Visualization of the Rolling Contact Fatigue Cracks in Rail Tracks with a Magnetooptical Sensor

• Published in: Journal of nondestructive evaluation Vol. 38; no. 3; pp. 1 - 8
• Main Authors: Chotzoglou, A., Pissas, M., Zervaki, A. D., Haidemenopoulos, G. N., Pissas, T.
• Format: Journal Article
• Language: English
• Published: New York Springer US 01.09.2019; Springer Nature B.V
• Subjects: Algorithms; Carbon steels; Cementite; Characterization and Evaluation of Materials; Classical Mechanics; Computer vision; Control; Crack propagation; Cracks; Dynamical Systems; Engineering; Fatigue cracks; Fatigue failure; Ferromagnetic materials; Flaw detection; Magnetic fields; Magnetic permeability; Magnetism; Microstructure; Pearlite; Polarized light; Rolling contact; Sensors; Solid Mechanics; Structural steels; Vibration; Computer vision; Rolling contact fatigue; Rail head check; Rail tracks; Magnetooptic sensor
• ISSN: 0195-9298; 1573-4862
• DOI: 10.1007/s10921-019-0606-5

The rolling contact fatigue cracks (RCF), produced at the surface of the rail tracks, can be detected using a magnetooptical (MO) sensor. Rail tracks are carbon steels with pearlite microstructure. This microstructure has a lamellar texture composed of alternating layers of ferrite and cementite. Both phases are soft ferromagnetic materials at room temperature. If an external magnetic field is applied on the surface of a rail track, the reduced magnetic permeability causes a magnetic leakage field above the cracks. When the external magnetic field is removed, in most cases, a residual stray magnetic field remains above the cracks. When a MO sensor is placed on the surface of the rail track, the sudden change of the stray remanent magnetic field near a crack, yields a significant rotation of the polarization plane of the reflected light, resulting in high MO contrast, exactly above the cracks. Using a polished surface and a cross-section from the head of the rail track, we succeeded in visualizing the RCF cracks in the laboratory.
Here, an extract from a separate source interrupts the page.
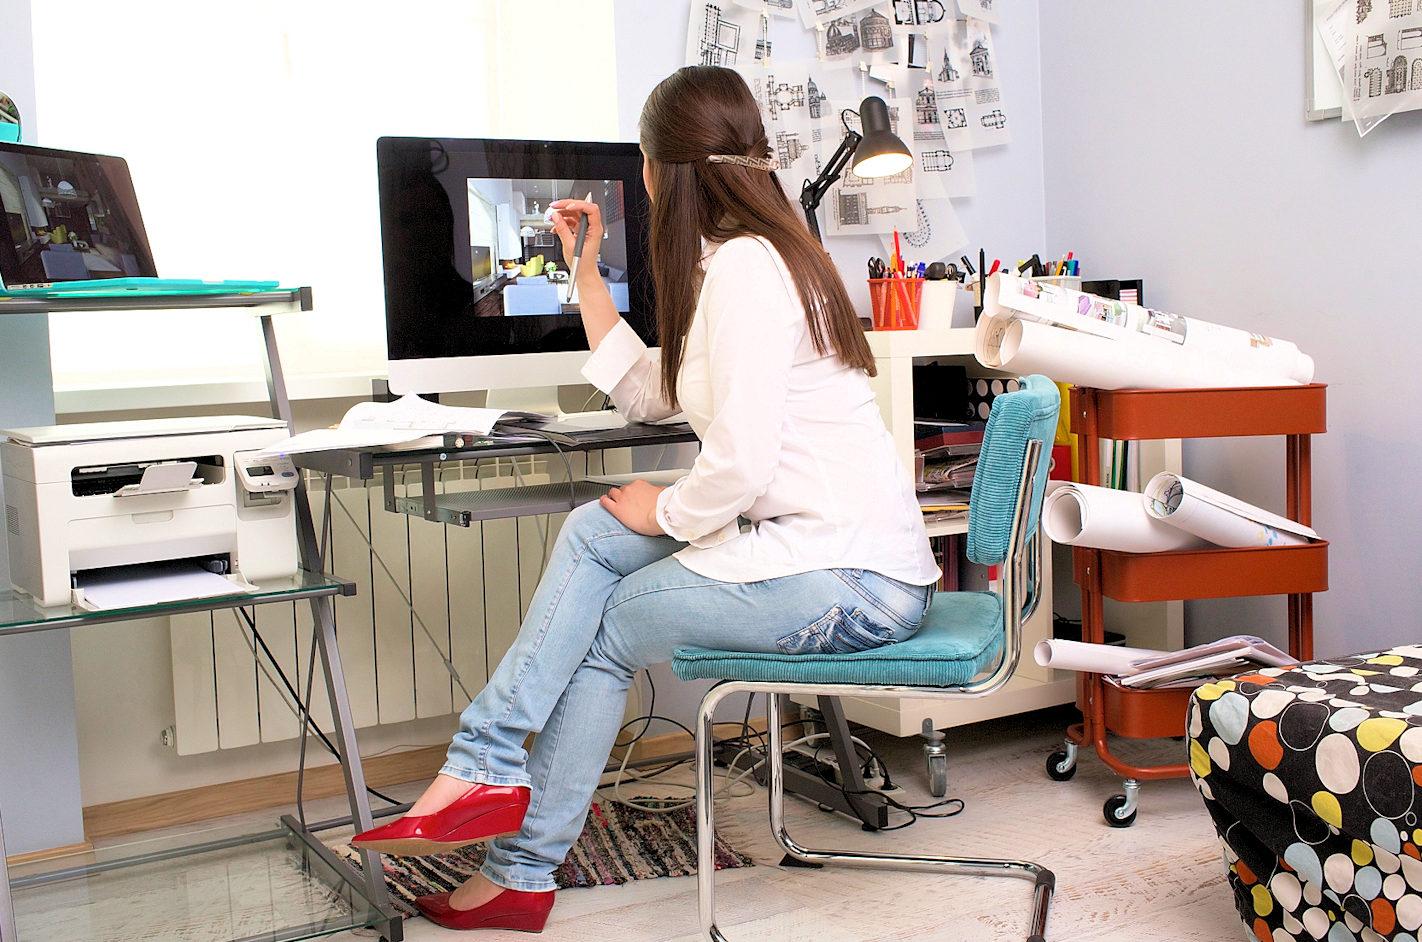 マイペースで仕事をする女性

The RCF cracks can also be detected on the surface of the rail track, in field measurements, using a portable commercial polarized light microscope equipped with a MO sensor. Finally, we use computer vision methods, to automatically detect the RCF cracks, using video recorded by displacing the portable microscopy with the MO sensor, on the surface of the rail tracks. We tested an unsupervised automatic crack detection algorithm, which exploits the tubular contrast of the RCF cracks to pinpoint the pixels that correspond to them.